A total number of 19,512,195 new common shares with a nominal value of €0.25 each will thus be issued to the benefit of Invus Public Equities LP and Financière de la Montagne. These new shares will represent approximately 21% of the Company’s share capital before the implementation of the private placement. Following this placement, a shareholder with a 1% stake in the Company would see their stake reduced to 0.83%. The subscription price has been set at €0.410 per new share, corresponding to the weighted average share price over the 3 previous trading sessions (i.e. from April 1 to 5, 2021 inclusive) without a discount, giving net proceeds of €8 million.

Settlement-delivery of the new shares and reception of the funds will occur no later than April 8, 2022 and will be confirmed by the Chief Executive Officer, acting upon delegation on behalf of the Board of Directors.

The issue is not subject to a prospectus requiring a visa from the AMF French financial market authority.

Delivery and admission to trading of the new shares

The admission of the new shares to trading on the Euronext Growth market in Paris is scheduled for no later than April 12, 2022. They will be listed on the same line as the Company’s existing shares (ISIN: FR0010095596), will carry current dividend rights and will be immediately fungible with the Company’s existing shares.

Distribution of capital

Prior to the operation, the Company’s share capital consisted of 91,944,935 shares, of which 16.1% were held by Financière de la Montagne and 15.3% by Invus Public Equities LP.

Following completion of the capital increase, the shareholdings of Invus Public Equities LP and Financière de la Montagne will be 23.5% and 19.8% of the Company’s share capital respectively, based on a total number of 111,507,130 shares. To the Company’s knowledge, no other shareholders hold more than 5% of its share capital.

Convertible bond issue

This issuance of bonds convertible into common shares was decided by the Board of Directors in accordance with the thirteenth resolution approved by the Mixed General Meeting of June 10, 2021 (waiver of shareholders’ preferential subscription rights via a private placement reserved for a category of persons), based on the provisions of Articles L. 225-129 and following of the Commercial Code.

The convertible bond issue for a nominal amount of €4,000,000 is represented by 4,000,000 convertible bonds with a nominal value of one euro each, giving gross proceeds from the bond issue of €4 million. The convertible bonds will be subscribed by Invus Public Equities LP and Financière de la Montagne to the tune of €2.5 million and €1.5 million respectively.

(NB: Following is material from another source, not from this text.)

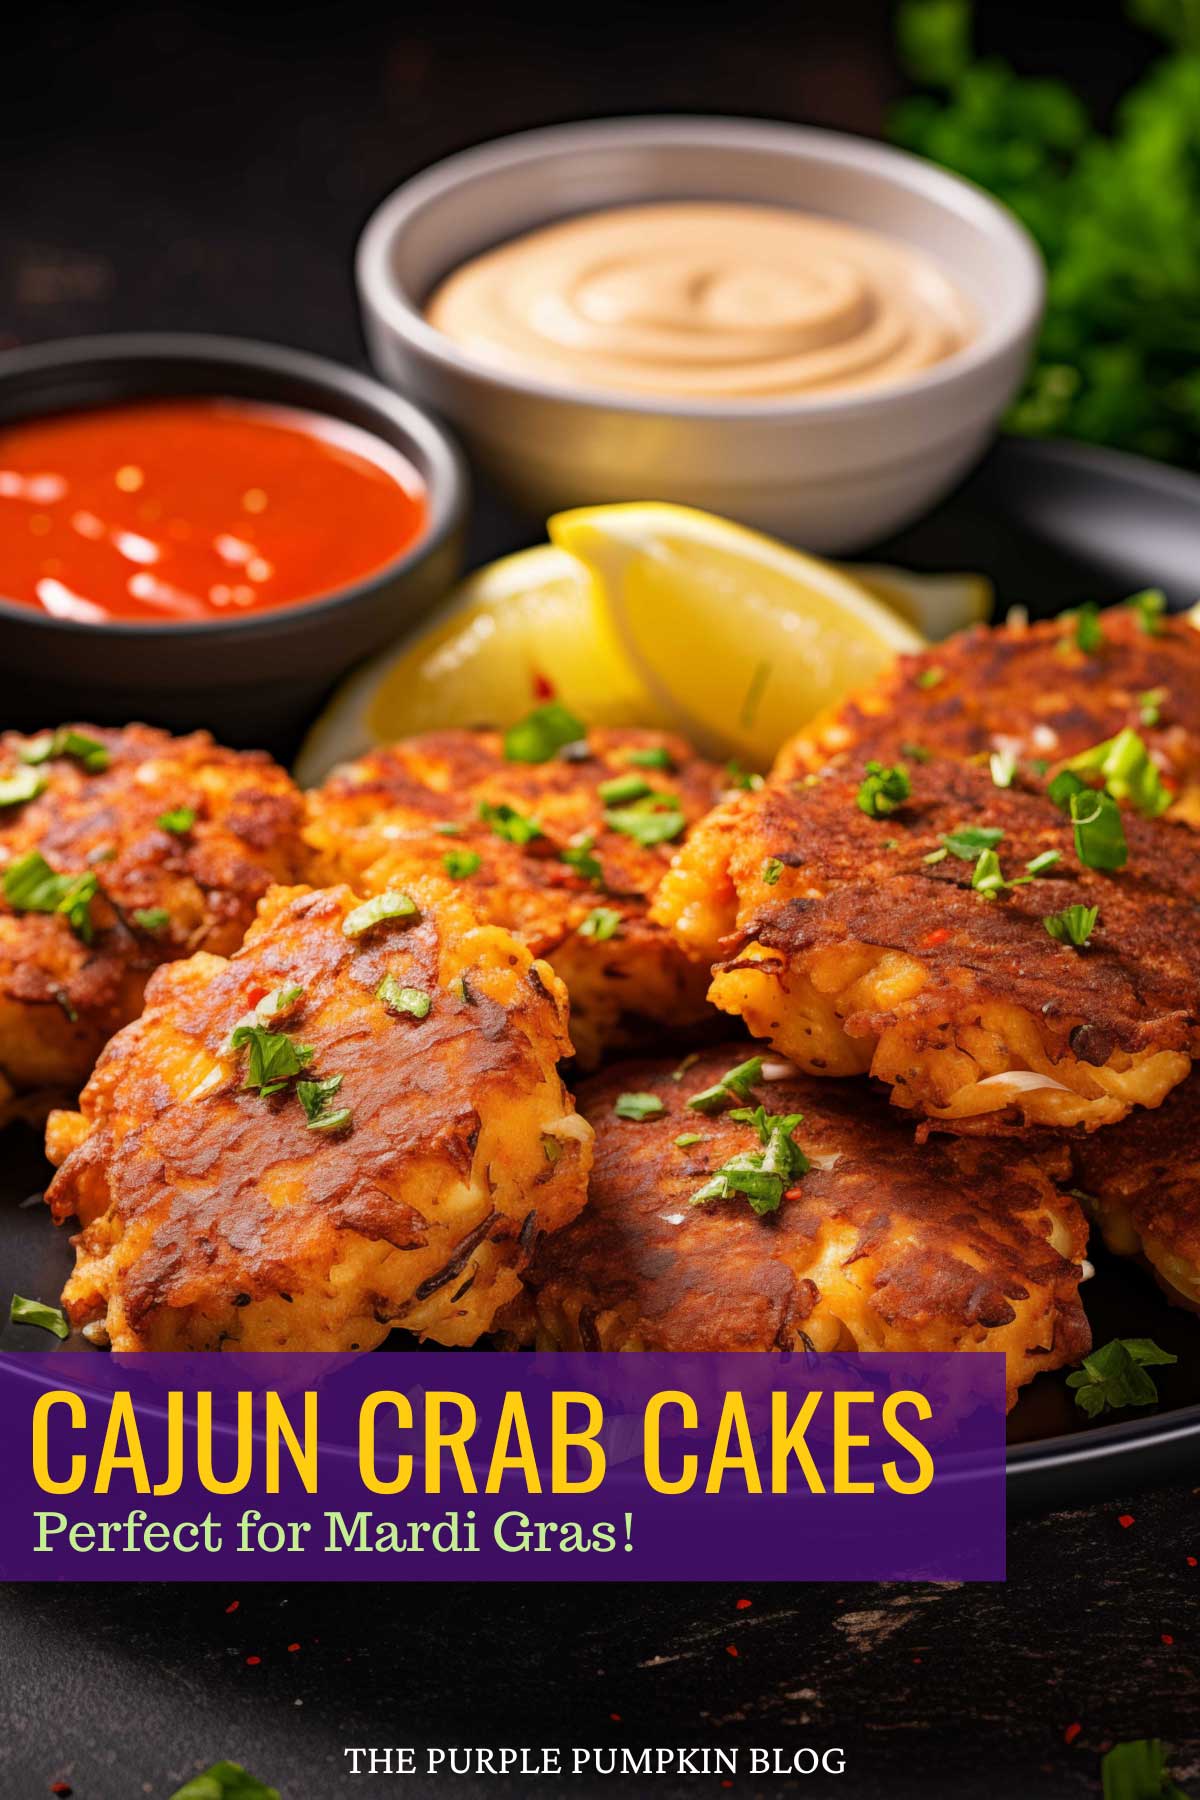 A plate of Cajun crab cakes with two bowls of dipping sauce, and text overlay that says "Cajun Crab Cakes - Perfect for Mardi Gras"

Settlement-delivery of the convertible bonds and reception of the funds will occur no later than April 8, 2022 and will be confirmed by the Chief Executive Officer, acting upon delegation on behalf of the Board of Directors. The bonds will not be the subject of a request for admission to trading on the Euronext Growth market. However, any common shares resulting from the conversion of these convertible bonds will be, as soon as they are issued, on the same line as existing common shares (ISIN: FR0010095596).

The issue is not subject to a prospectus requiring a visa from the AMF.

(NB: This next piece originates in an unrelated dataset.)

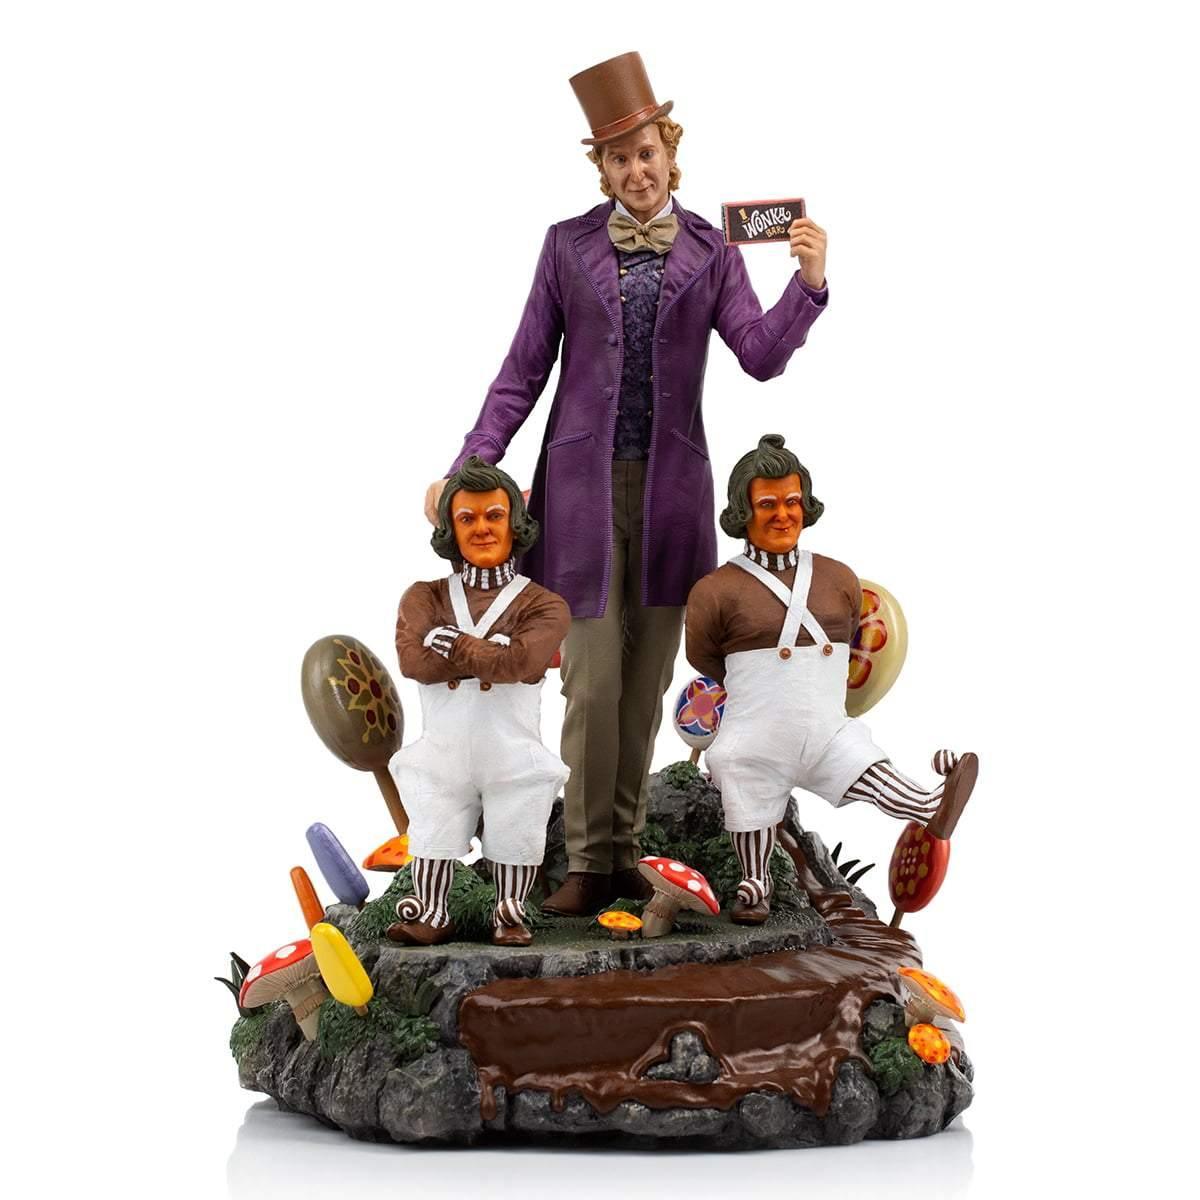 IRO34911 Willy Wonka and the Chocolate Factory - Willy Wonka Deluxe 1:10 Scale Statue - Iron Studios - Titan Pop Culture

The Company will regularly publish, on its website, the number of new shares issued upon conversion of convertible bonds.

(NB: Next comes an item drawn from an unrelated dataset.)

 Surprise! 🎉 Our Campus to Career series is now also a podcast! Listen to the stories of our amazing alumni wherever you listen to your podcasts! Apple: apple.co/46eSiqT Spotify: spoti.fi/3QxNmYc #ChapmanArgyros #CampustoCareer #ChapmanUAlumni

The main characteristics of the convertible bonds are the following:

­ Maturity: April 6, 2027;

­ Conversion of bonds at maturity: any convertible bond that has not been converted seven trading days before the maturity date will automatically be converted into common shares on the maturity date according to the conversion ratio below;

­ Interest: the convertible bonds will not bear interest (except default interest applicable to any non-payment of a cash reimbursement with respect to an event default or change in control);

­ Conversion: the convertible bonds may be converted into common shares exclusively on the Company’s initiative between the issuance date and the maturity date; the convertible bonds will give their holders the right, should they be converted, to N new common shares equal to the nominal value of a convertible bond divided by X, X being the lower of (a) 0.410 euros2 and (b) the volume-weighted average share price over the three trading days preceding the conversion request with no discount;

­ Event default: standard in such matters (notably breach of the terms and conditions, delisting, divestment of a significant asset or cessation of activity) providing for (on the initiative of the representative of the group upon request from a convertible bond holder) to obtain early cash reimbursement of the convertible bonds at 110% of their value;

­ Change in control: should there be a change in control, ability (on the initiative of a convertible bond holder on all or a portion of the convertible bonds they hold) to obtain early cash reimbursement of the convertible bonds at 110% of their nominal value;

­ Guaranties: the cash reimbursement of the convertible bonds (in the case of an event default or change in control) is secured by pledges provided by the Company on certain intellectual property rights it holds, it being specified that these pledges are accepted subject to licenses and usage rights granted or to be granted by the Company on the rights pledged and that the pledges will be pari passu with the existing pledges given to SWK;

­ The convertible bonds are non-transferable, except to affiliates of the convertible bond holders or with the Company’s prior written consent;

­ Lock-up commitment from the Company (during which it may not issue additional convertible bonds): 90 days (subject to standard exceptions).

Use of proceeds

The net proceeds of the issue will be used (i) to develop AsiDNA, the Company’s leading product, both clinically and industrially within the framework of ongoing and future clinical trials, (ii) to finalize the optimization of and develop the preclinical program for OX401, both alone and with immune-oncology drugs, and (iii) more generally to finance the Company’s running costs.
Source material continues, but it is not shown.